Пьяный Пандурин шагнул было к сыну, но острая сабля дрогнула, готовая обрушиться на него — по плечу, по голове.
— Назад!
И узнал Пандурин свою кровь — ведь зарубит и глазом не моргнет! Мигом протрезвел он и, кашлянув, отступил…
Власть его в доме кончилась.
Больше он уж не смел поднять на жену руку. Но она и без того вскоре угасла: извели ее непосильный труд, одиночество и людские проклятья.
Сын ненавидел отцовскую службу. Стыдно ему было, что он сын полицейского, пропойцы. Нередко дрался он с деревенскими ребятишками, дразнившими его «Пандуренок». Ненависть к полиции и полицейским свела его в гимназии с самыми боевыми ребятами, читавшими запрещенные книги и тайком толковавшими о большевистской России.
Став учителем, сын при каждой встрече со своим блудным отцом старался внушить ему, какую поганую жизнь тот ведет. По-хорошему, лаской уговаривал бросить службу. И мать, мол, тогда разогнет спину, отдохнет от мотыги да от плуга. И вообще на что ему служить — все равно ведь ни гроша от жалованья в дом не приносит.
Не вовсе пропащий человек был Пандурин — втайне он гордился своим ученым сыном, понимал, что жизнь у того правильная, чистая; чувствовал справедливость его слов, но поделать с собой ничего не мог — недоставало решимости бросить легкую, беззаботную жизнь полицейского, ставшую за долгие годы такой привычной.
Уволили его со службы по чистой случайности, помимо его воли.
Вскоре после смерти жены Пандурин тоже расхворался — пьяный провалялся ночь под столом в холодной корчме и простыл.
Сын, не спросясь, раздобыл медицинское свидетельство и от имени отца подал начальству прошение об отставке.
После болезни Пандурин сильно ослабел, поэтому с отставкой примирился сравнительно легко. Но как поправился да как подоспела пора вновь приниматься за крестьянскую работу, чтоб перед людьми совестно не было, и пришлось ходить в затрапезе — без мундира, без форменной фуражки и сабли, на равной ноге со всяким мужичьем — тут Пандурин от злобы и муки просто места себе не мог найти.
Дома ему не сиделось, и он вечно торчал то в одной, то в другой корчме.
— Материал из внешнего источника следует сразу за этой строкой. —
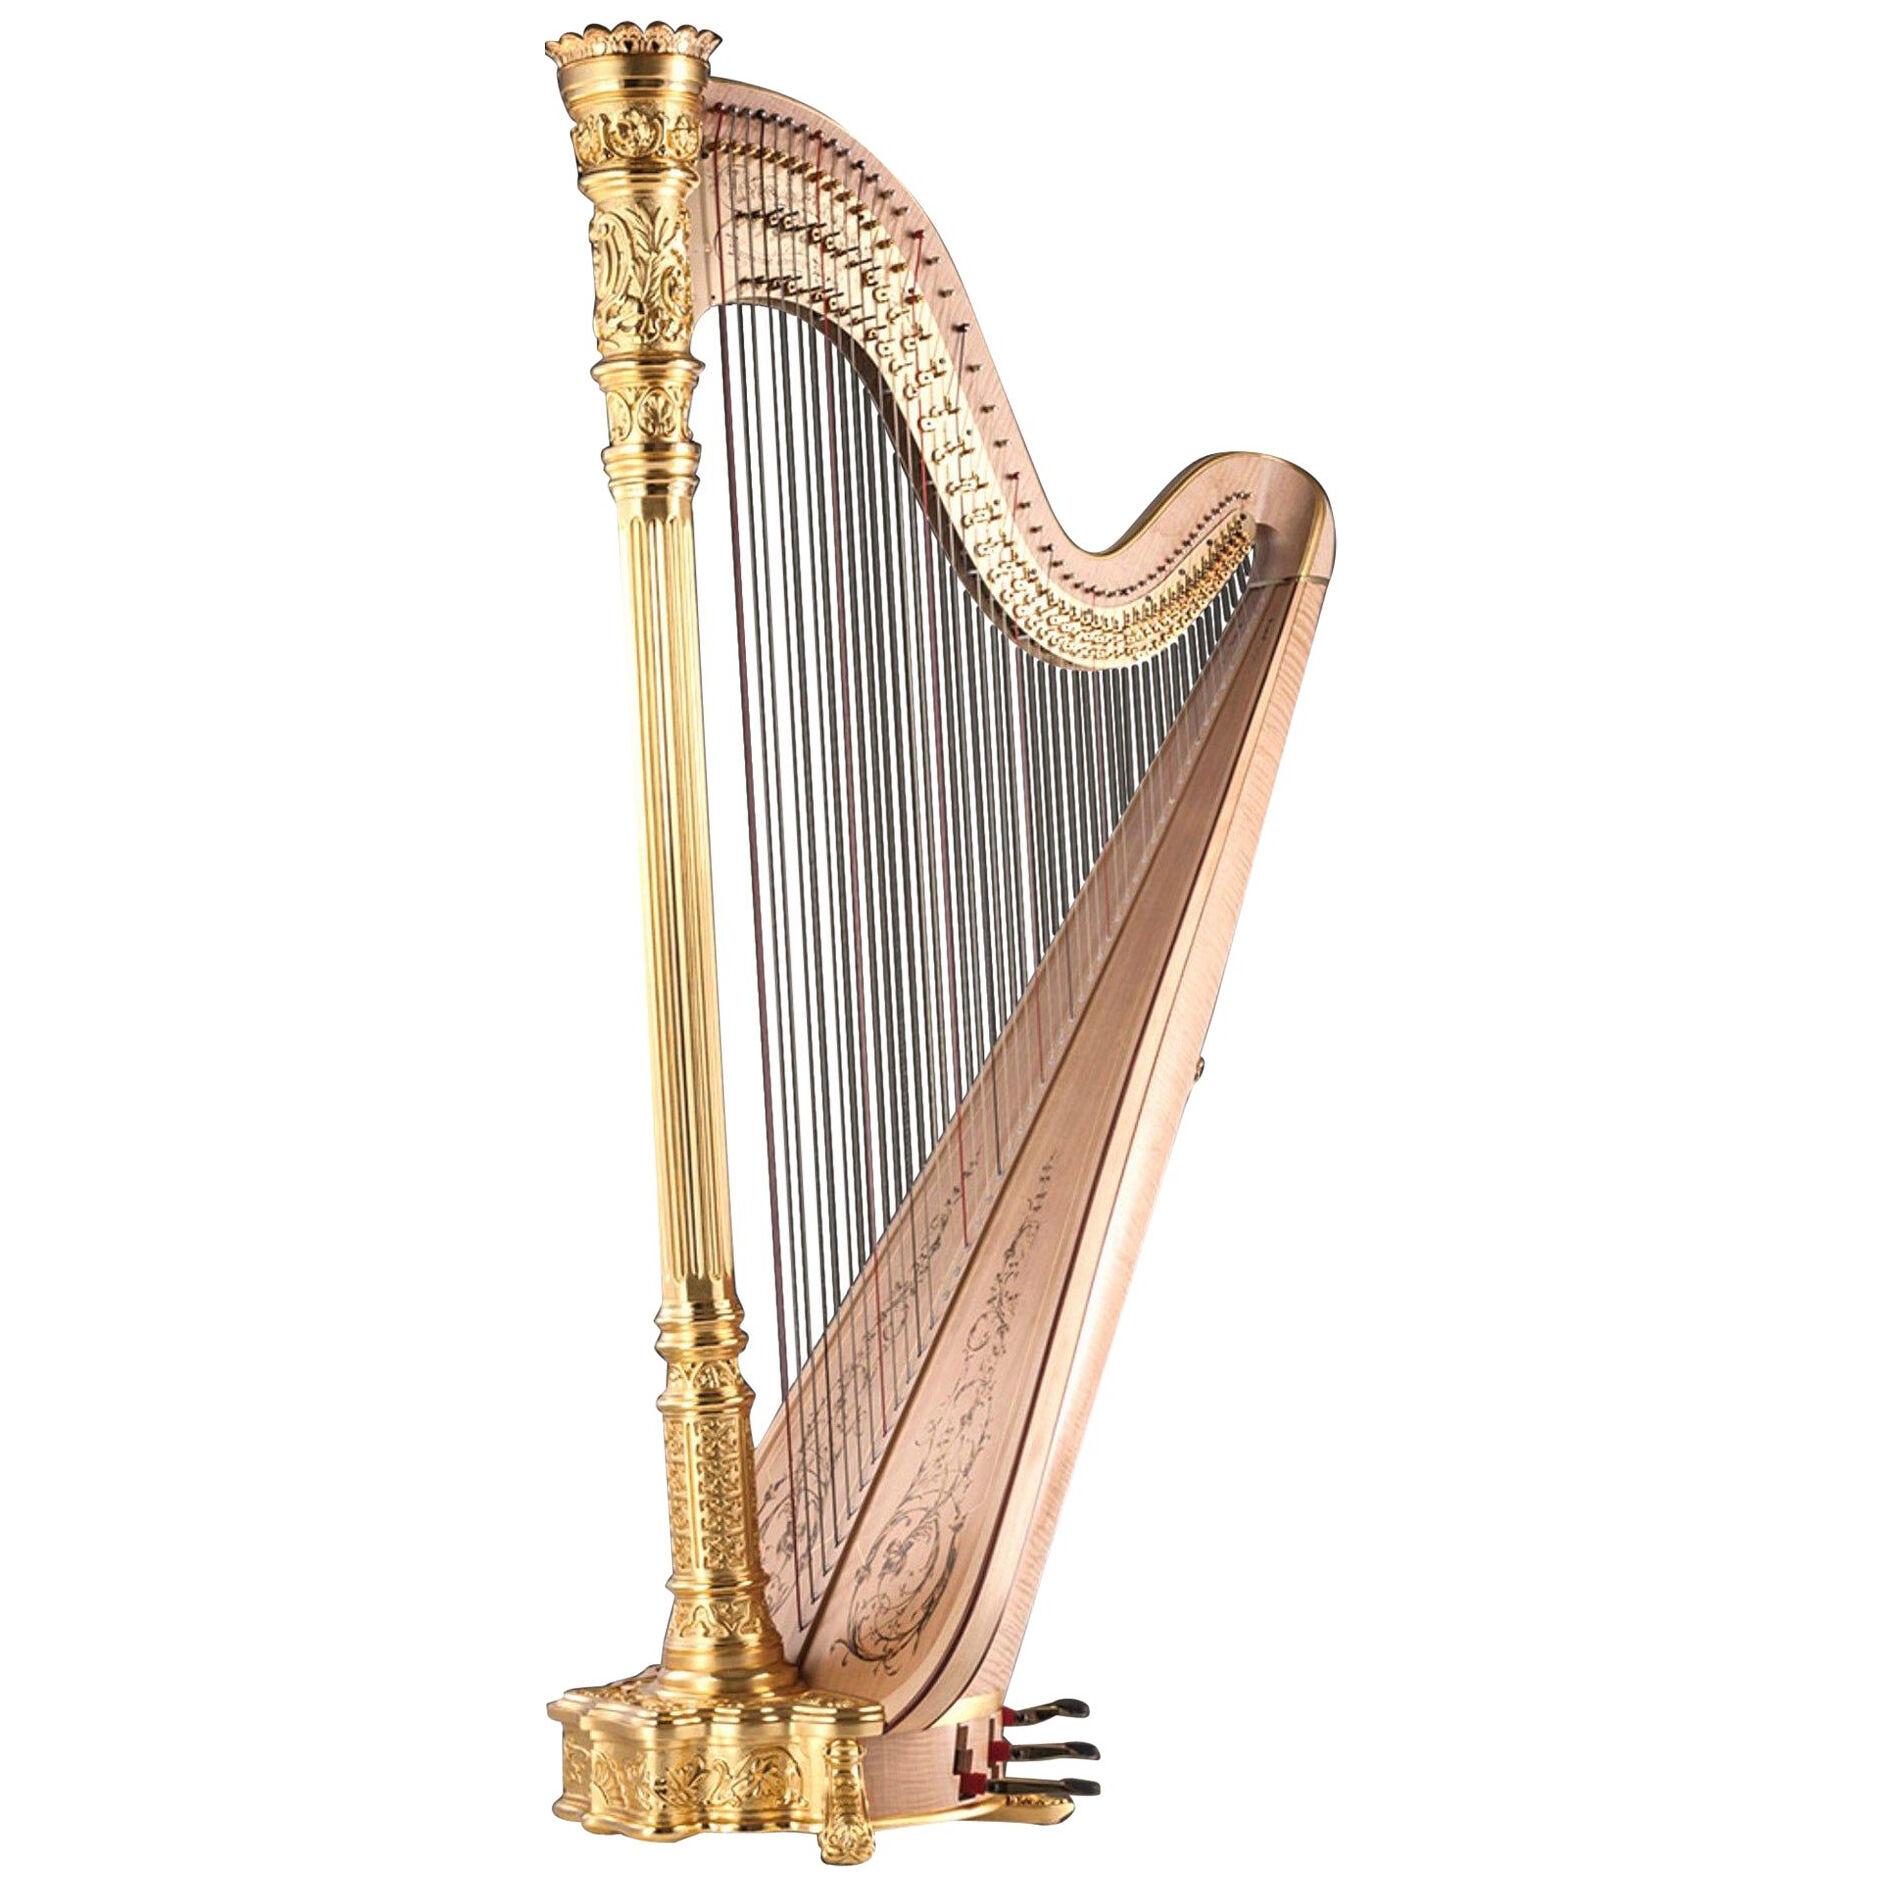 1915 Premium Style 23 Gold Lyon and Healy Concert Grand Harp

Пил и бахвалился своими полицейскими подвигами перед разинувшими рты последними деревенскими пьянчужками.
Случалось, выходил он в поле, но хоть работал спустя рукава, так и подмывало его броситься наземь и волком завыть от тоски…
Под конец не выдержал Пандурин и настрочил начальству новое заявление.
Солнце поднялось уже над горизонтом на целых две копрали[8], когда телега Пандурина выехала за околицу и загромыхала по засохшим комьям грязи и рытвинам проселочной дороги.
Позади телеги трусил приземистый, но крепкий, хорошо откормленный полицейский конь — собственность Пандурина. Целый год искал коня Пандурин, на десятках ярмарок побывал, пока облюбовал себе этого. Хотелось ему иметь коня себе по нраву, хоть и для государственной службы. Ну, а кормился конь за счет казны да еще людских амбаров.